Exploring vertex shaders, fragment shaders, and the foundations of computer graphics.

As I begin learning GLSL, I am starting to understand how shader programs are structured and what happens behind the visuals we see on screen. While shaders can seem intimidating at first, breaking them down into smaller pieces makes them much easier to understand.
A shader program is generally made up of two main parts: a vertex shader and a fragment shader. Each stage has its own purpose and each contains a void main() function, which acts as the entry point for execution. Although the main() function may initially appear almost empty, it is where the logic of each shader stage is written.


One of the first responsibilities of a vertex shader is to assign a value to gl_Position. This variable is of type vec4, a vector containing four values. Most people are familiar with the three spatial coordinates: x, y, and z, which describe a position in three-dimensional space. The fourth value, w, introduces the concept of homogeneous coordinates.

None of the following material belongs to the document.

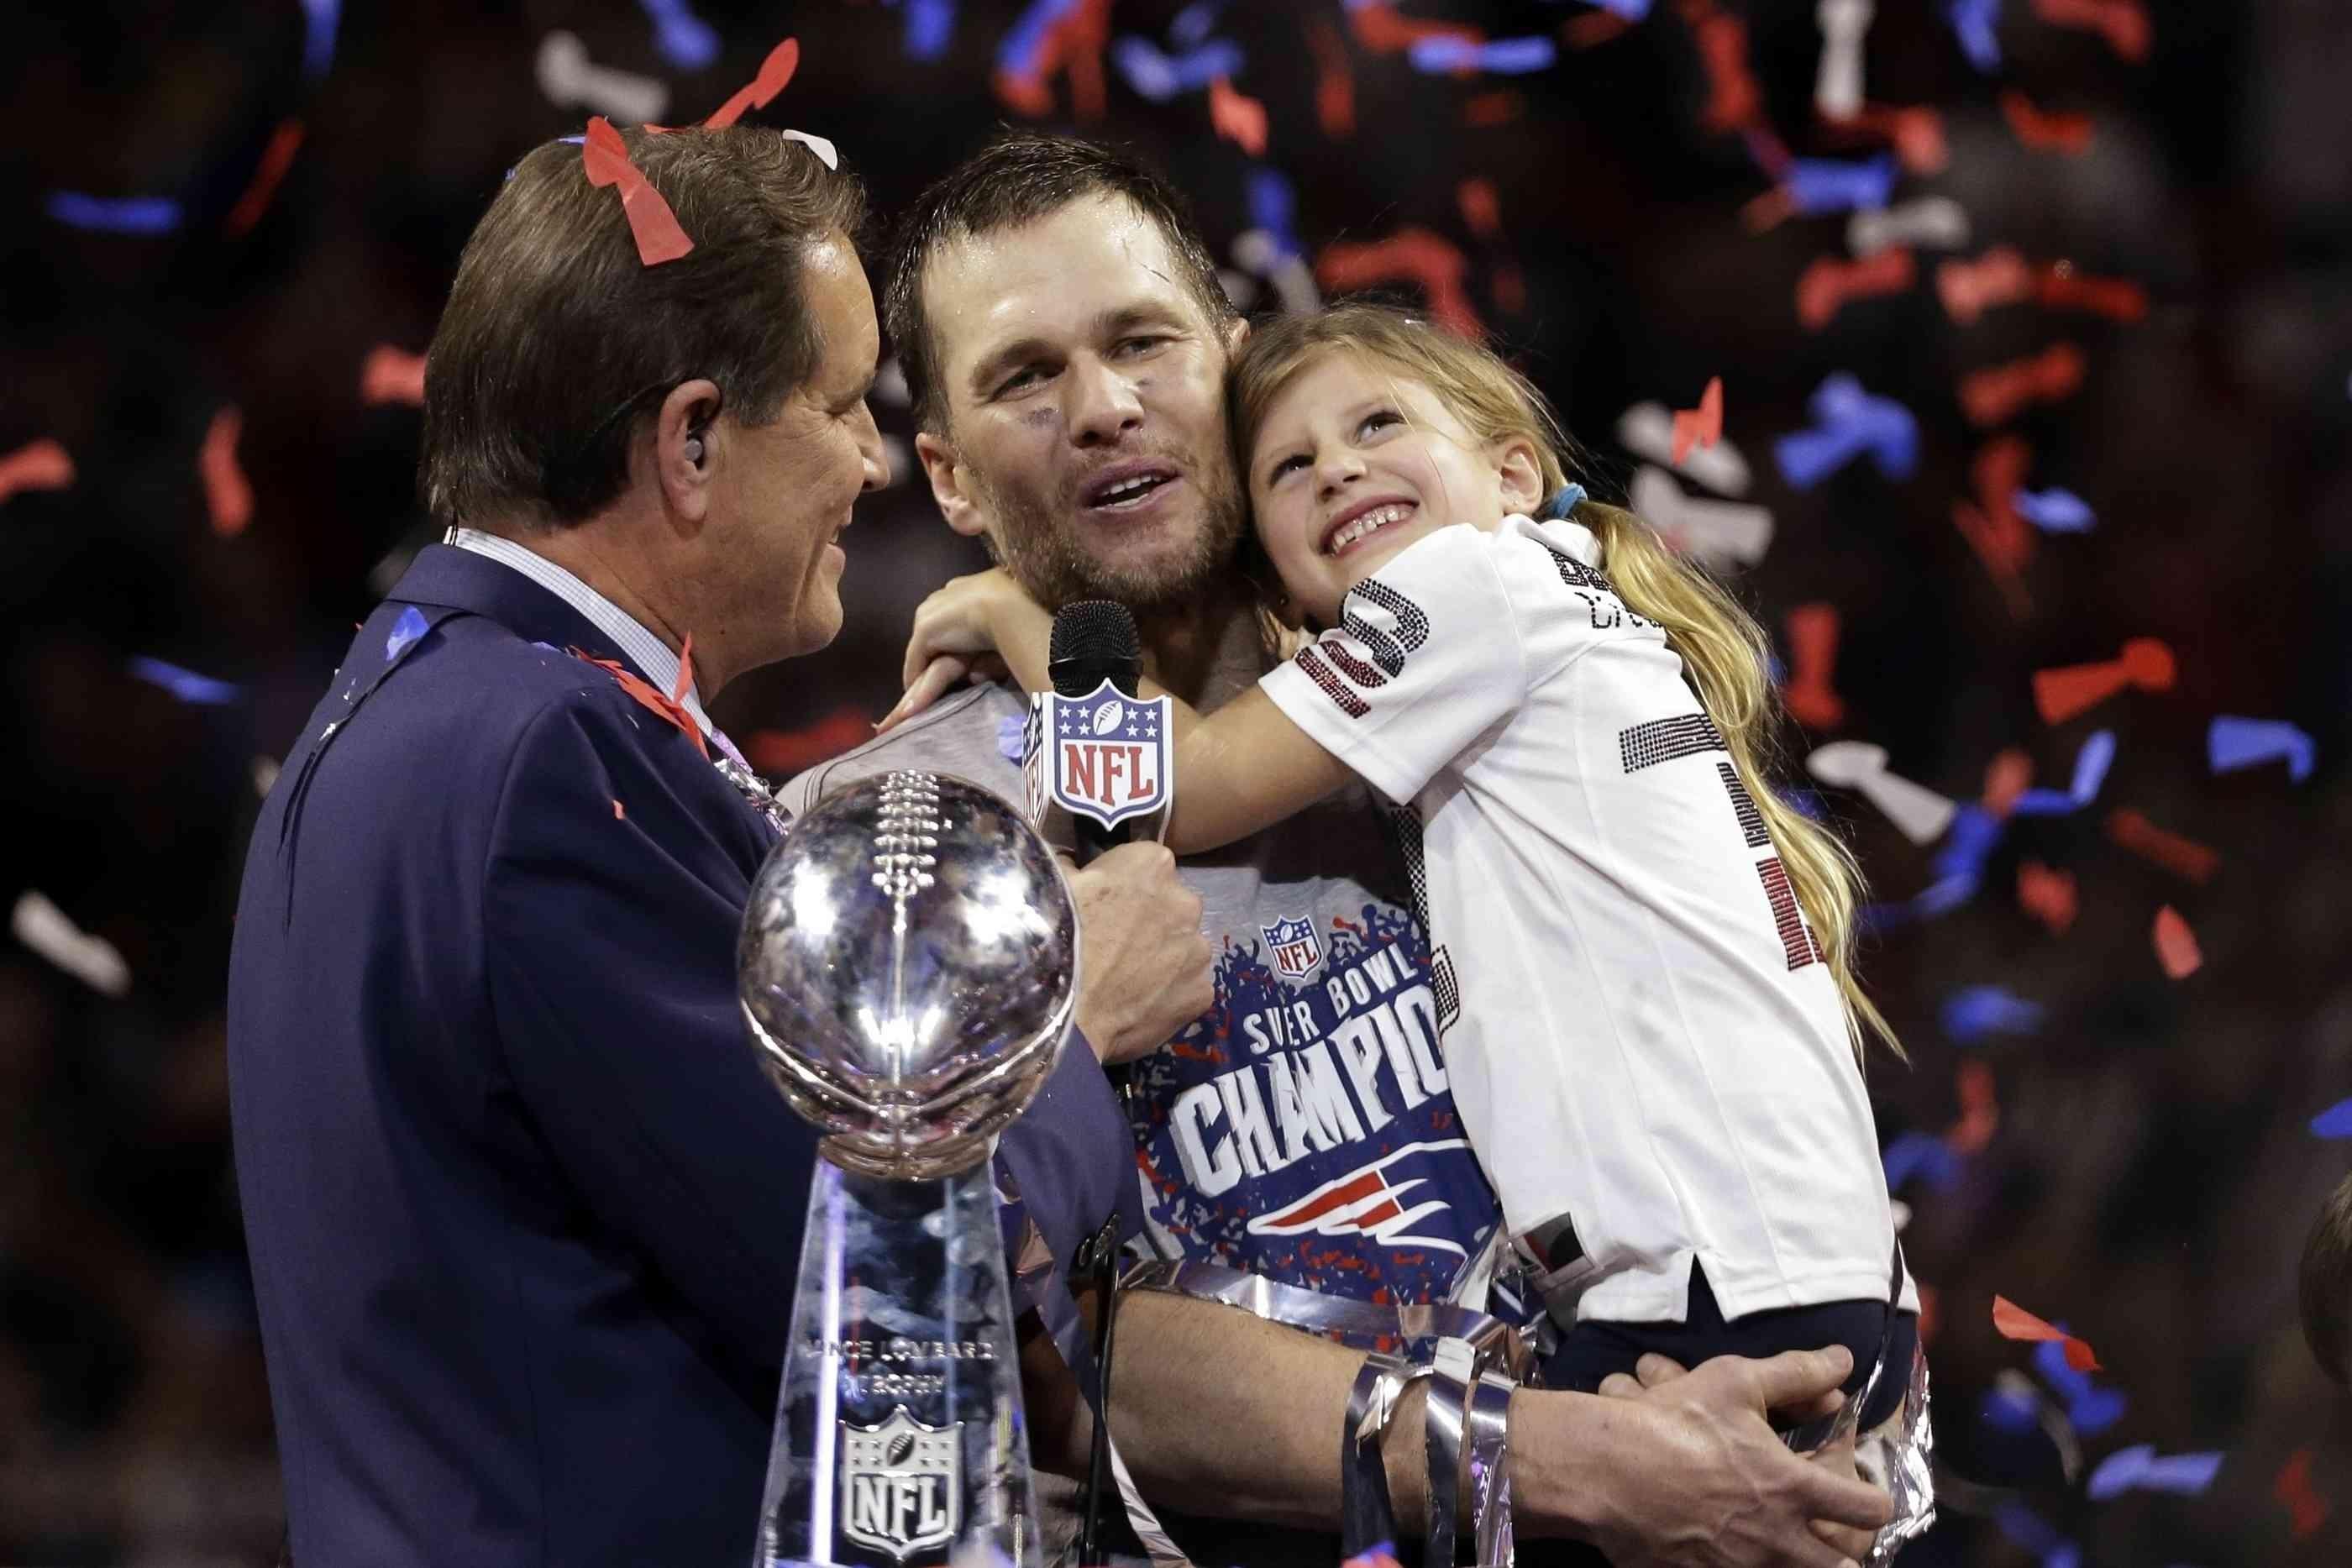 Super Bowl 2019: Tom Brady Feiert 6. Titel Mit Seiner intended for Tom Brady Super Bowl 2019

At first, the extra component can seem unnecessary, but it allows positions to be transformed using matrices. These matrix operations make it possible to perform translations, scaling, rotations, and perspective projections efficiently on the GPU. In other words, the fourth component is one of the reasons objects can be moved, rotated, and viewed from different angles in a graphics application.

The fragment shader comes after the vertex shader and is responsible for determining the final appearance of pixels on the screen. This is where colors, gradients, lighting calculations, and many visual effects are created.

What fascinates me most about learning GLSL is how much mathematics and computer graphics are hidden behind even the simplest lines of code. A single assignment to gl_Position is connected to an entire pipeline of transformations that eventually turns data into the images we see on our screens.

I am still at the beginning of my GLSL journey, but every concept I learn reveals another layer of how modern graphics work, making the process both challenging and rewarding.